Given the following modeling information, how are the moments calculated at A01 and A05?:
Question: For node point A01, what moments should be used in calculating the reported Mb values for code combinations ABS(1155 N*m) and SRSS(1155 N*m):
a. Code Combination E1, E2, E3 values in column labeled Mb
or
b. Non-code combination E1, E2, E3 values from Forces and moments sub-report
Answer: If you selected A, you are wrong!
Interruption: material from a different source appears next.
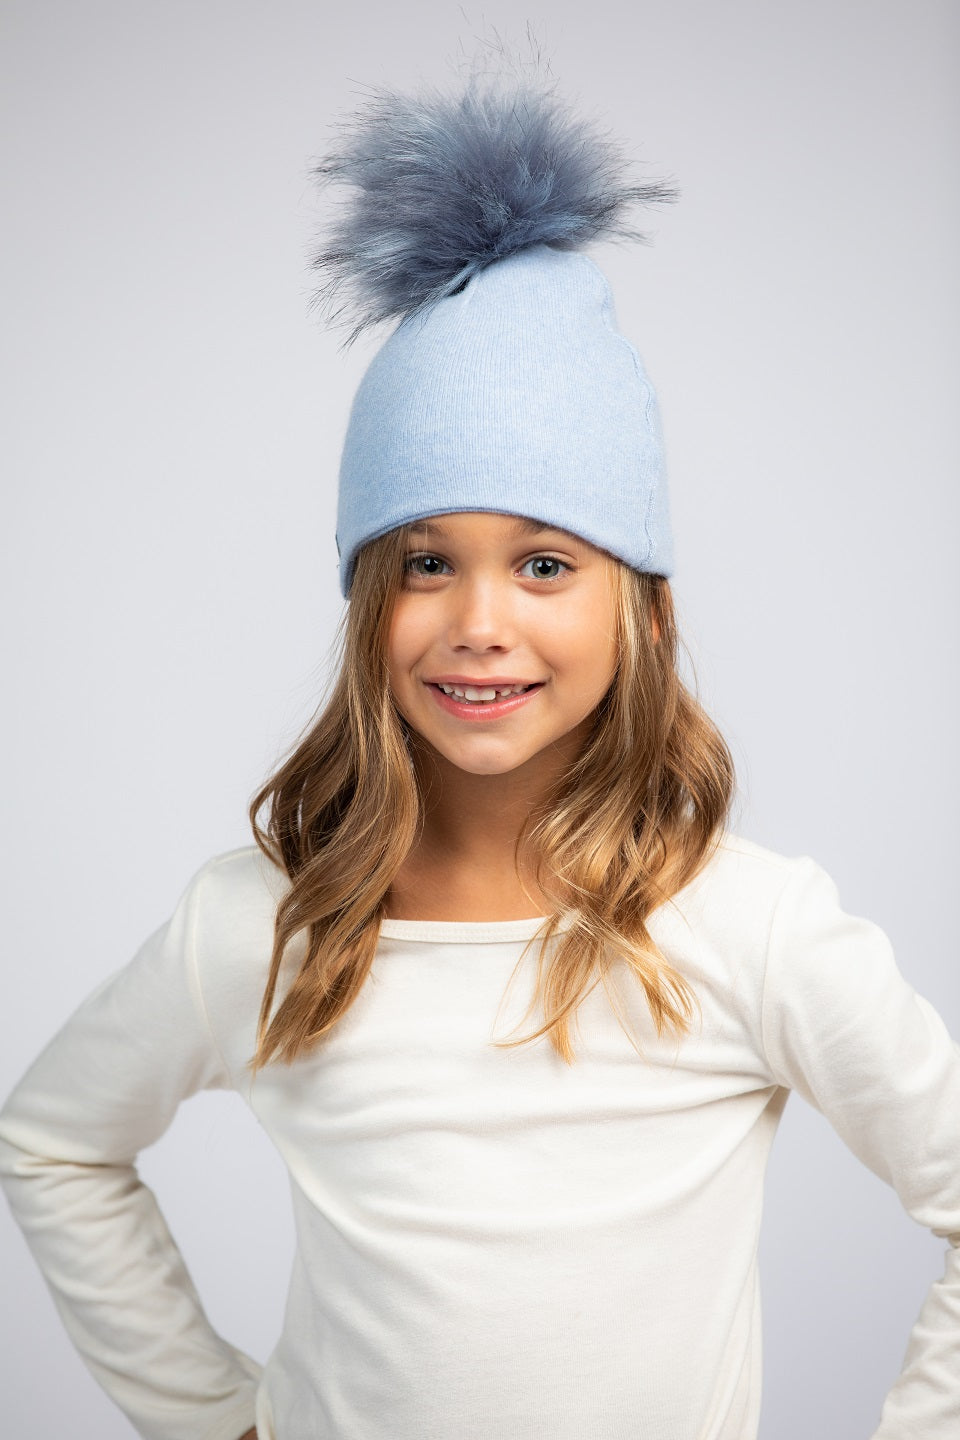 Baby Blue with Light Blue - Cashmere Beanie for Kids

The values used to calculated the values reported in columns Ma, Mb, or Mc of the Code Combinations are based on values from the Non-code combinations sub-report Forces and Moments.
Example:
Calculate Mb for give combination at indicated node point:
Node point A01 | |
ABS:X-axis Mx = ABS [Mx (E1)] + ABS [Mx (E2)] + ABS [Mx (E3)] Mx = ABS [0] + ABS [0] + ABS [817] Mx = 817 Y-axis Mx = ABS [My (E1)] + ABS [My (E2)] + ABS [My (E3)] Mx = ABS [0] + ABS [0] + ABS [0] My = 0 Z-axis Mx = ABS [Mz (E1)] + ABS [Mz (E2)] + ABS [Mz (E3)] Mx = ABS [817] + ABS [0] + ABS [0] Mz = 817
Mb = SQRT (Mx^2+My^2+Mz^2) Mb = SQRT (817^2+0^2+817^2) Mb = 1155 compare value to output report, OK |
SRSS:X-axis Mx = SQRT{ [Mx (E1)]^2 + [Mx (E2)] ^2 + [Mx (E3)]^2 } Mx = SQRT{ [0]^2 + [0] ^2 + [817]^2 } Mx = 817 Y-axis My = SQRT{ [My (E1)]^2 + [My (E2)] ^2 + [My (E3)]^2 } My = SQRT{ [0]^2 + [0] ^2 + [0]^2 } My = 0 Z-axis Mx = SQRT{ [Mz (E1)]^2 + [Mz (E2)] ^2 + [Mz (E3)]^2 } Mx = SQRT{ [817]^2 + [0] ^2 + [0]^2 } Mx = 817
Mb = SQRT (Mx^2+My^2+Mz^2) Mb = SQRT (817^2+0^2+817^2) Mb = 1155 compare value to output report, OK! |
Node point A05 | |
ABS:X-axis Mx = ABS [Mx (E1)] + ABS [Mx (E2)] + ABS [Mx (E3)] Mx = ABS [-5] + ABS [295] + ABS [399] Mx = 699 Y-axis Mx = ABS [My (E1)] + ABS [My (E2)] + ABS [My (E3)] Mx = ABS [346] + ABS [18] + ABS [-12] My = 376 Z-axis Mx = ABS [Mz (E1)] + ABS [Mz (E2)] + ABS [Mz (E3)] Mx = ABS [-5] + ABS [163] + ABS [16] Mz = 184
Mb = SQRT (Mx^2+My^2+Mz^2) Mb = SQRT (698^2+377^2+183^2) Mb = 815 compare value to output report, OK |
SRSS:X-axis Mx = SQRT{ [Mx (E1)]^2 + [Mx (E2)] ^2 + [Mx (E3)]^2 } Mx = SQRT{ [-5]^2 + [295] ^2 + [399]^2 } Mx = 496 Y-axis My = SQRT{ [My (E1)]^2 + [My (E2)] ^2 + [My (E3)]^2 } My = SQRT{ [346]^2 + [18] ^2 + [-12]^2 } My = 347 Z-axis Mx = SQRT{ [Mz (E1)]^2 + [Mz (E2)] ^2 + [Mz (E3)]^2 } Mx = SQRT{ [-5]^2 + [163] ^2 + [16]^2 } Mx = 164
Mb = SQRT (Mx^2+My^2+Mz^2) Mb = SQRT (817^2+0^2+817^2) Mb = 627 compare value to output report, OK! |
Conclusion:
The program does consideration the selected combination method when calculating the moments Ma, Mb, and Mc. When trying to verify these results, be sure to use the correct equations and moments otherwise the hand calculated results will not match the reported values from AutoPIPE.
In this example combinations ABS and SRSS results were found to be identical at A01 (Mb = 1155), At first this seems to be cause for concern, however can easily be explained by looking at the hand calculations. This was only possible because of the anchor at node point A03 N, and seismic loads E1 & E3 produced identical moments because of that anchor in the vertical piping.